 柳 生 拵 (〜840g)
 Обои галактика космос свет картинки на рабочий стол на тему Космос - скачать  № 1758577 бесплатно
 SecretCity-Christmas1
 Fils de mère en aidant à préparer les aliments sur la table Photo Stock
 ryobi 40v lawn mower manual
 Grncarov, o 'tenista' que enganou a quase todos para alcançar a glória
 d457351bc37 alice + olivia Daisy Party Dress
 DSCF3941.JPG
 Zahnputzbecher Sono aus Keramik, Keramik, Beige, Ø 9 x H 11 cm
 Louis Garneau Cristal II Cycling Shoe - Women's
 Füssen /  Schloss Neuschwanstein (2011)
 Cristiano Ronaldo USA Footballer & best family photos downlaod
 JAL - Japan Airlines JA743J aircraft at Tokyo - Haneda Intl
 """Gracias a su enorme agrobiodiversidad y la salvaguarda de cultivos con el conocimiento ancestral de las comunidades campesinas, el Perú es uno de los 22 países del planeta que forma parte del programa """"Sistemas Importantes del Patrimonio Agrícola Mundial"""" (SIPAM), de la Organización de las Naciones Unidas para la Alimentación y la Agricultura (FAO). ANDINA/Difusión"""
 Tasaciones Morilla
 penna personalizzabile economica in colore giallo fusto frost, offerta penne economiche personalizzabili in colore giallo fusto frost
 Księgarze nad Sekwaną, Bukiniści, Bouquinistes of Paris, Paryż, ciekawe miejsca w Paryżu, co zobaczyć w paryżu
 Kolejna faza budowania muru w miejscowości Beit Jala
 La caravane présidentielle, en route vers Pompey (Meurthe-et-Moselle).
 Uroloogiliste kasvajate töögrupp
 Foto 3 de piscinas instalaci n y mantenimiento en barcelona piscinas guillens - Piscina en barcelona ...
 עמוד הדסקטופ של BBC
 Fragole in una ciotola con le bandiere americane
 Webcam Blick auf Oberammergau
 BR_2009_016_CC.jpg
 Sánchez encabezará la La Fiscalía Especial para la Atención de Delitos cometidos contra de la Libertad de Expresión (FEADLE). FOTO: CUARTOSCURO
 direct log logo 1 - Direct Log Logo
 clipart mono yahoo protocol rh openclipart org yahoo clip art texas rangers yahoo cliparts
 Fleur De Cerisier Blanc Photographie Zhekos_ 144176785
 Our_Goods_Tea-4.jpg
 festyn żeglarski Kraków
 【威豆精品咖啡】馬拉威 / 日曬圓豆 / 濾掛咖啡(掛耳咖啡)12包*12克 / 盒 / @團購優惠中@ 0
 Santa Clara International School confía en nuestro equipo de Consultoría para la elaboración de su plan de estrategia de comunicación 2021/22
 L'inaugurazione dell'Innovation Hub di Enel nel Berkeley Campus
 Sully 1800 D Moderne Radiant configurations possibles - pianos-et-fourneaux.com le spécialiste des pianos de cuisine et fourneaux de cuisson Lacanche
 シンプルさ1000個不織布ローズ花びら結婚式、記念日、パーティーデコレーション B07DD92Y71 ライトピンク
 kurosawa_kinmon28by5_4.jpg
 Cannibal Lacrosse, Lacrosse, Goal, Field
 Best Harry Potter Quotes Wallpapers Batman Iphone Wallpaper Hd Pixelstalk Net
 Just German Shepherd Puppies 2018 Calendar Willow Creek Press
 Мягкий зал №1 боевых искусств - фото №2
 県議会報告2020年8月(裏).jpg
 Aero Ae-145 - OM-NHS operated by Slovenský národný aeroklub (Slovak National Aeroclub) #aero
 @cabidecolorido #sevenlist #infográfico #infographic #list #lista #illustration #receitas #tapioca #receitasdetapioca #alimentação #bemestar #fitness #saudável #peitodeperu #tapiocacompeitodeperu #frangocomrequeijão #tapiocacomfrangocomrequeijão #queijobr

▸ **INSTRUCTIONS FOR THE TASK**: Repeat, character for character, the lines of the material above from the line with "JAL - Japan" through the line with "a su enorme".

▸ **PROBLEM SOLUTION**:
 JAL - Japan Airlines JA743J aircraft at Tokyo - Haneda Intl
 """Gracias a su enorme agrobiodiversidad y la salvaguarda de cultivos con el conocimiento ancestral de las comunidades campesinas, el Perú es uno de los 22 países del planeta que forma parte del programa """"Sistemas Importantes del Patrimonio Agrícola Mundial"""" (SIPAM), de la Organización de las Naciones Unidas para la Alimentación y la Agricultura (FAO). ANDINA/Difusión"""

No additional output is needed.